A reverência diz muito. Pode-se ver que o operário e sua família têm respeito pelo palácio, em grande medida pelas próprias dimensões da obra arquitetônica, mas também pelo contexto em que foi feita, um contexto carregado de promessas e expectativas. É bem possível que também tenham orgulho da energia física e do “dispêndio de músculo e nervo” (uma definição marxiana para o trabalho) necessário para produzir aquele monumento. Certamente há um componente de esperança, que era o que prometia todo o projeto de desenvolvimento de Juscelino.
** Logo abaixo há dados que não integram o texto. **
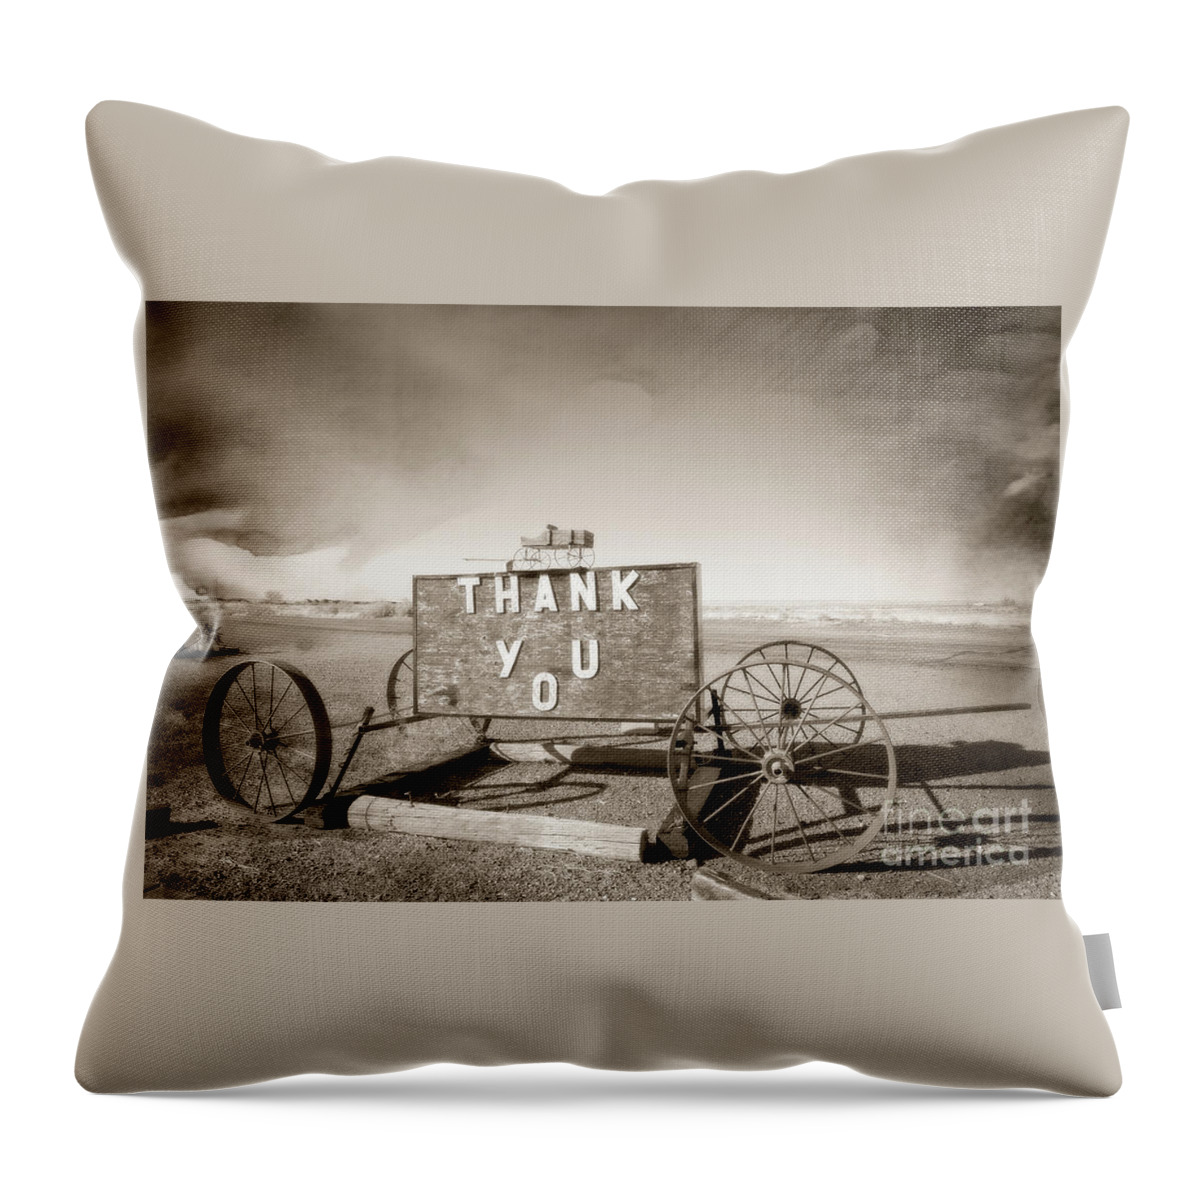 Thank You Wagon Throw Pillow featuring the photograph Thank You Wagon by Imagery by Charly

Seja lá de onde vem esse “worker from Nordeste”, ele não teria saído de casa se não imaginasse um incremento nas condições de vida em outra terra. Mesmo que, na verdade, ele tenha sido expulso, seja por um grileiro, seja pela seca, seja por ambos. O que quer que tenha acontecido, ele provavelmente nutria a esperança de que a Novacap representasse um país melhor. E isso quer dizer, de seu ponto de vista: um país onde se viveria melhor. Conhecemos uma boa parte da história, no entanto: atraídos pela possibilidade de fugir da miséria, retirantes “from Nordeste” como este trabalhador largaram o que restava de suas terras para tentar a inclusão na civilização, na sociedade de massas, ou de consumo, chame como quiser. Foram tratados como sempre são tratados os pobres, os mestiços, os trabalhadores no Brasil.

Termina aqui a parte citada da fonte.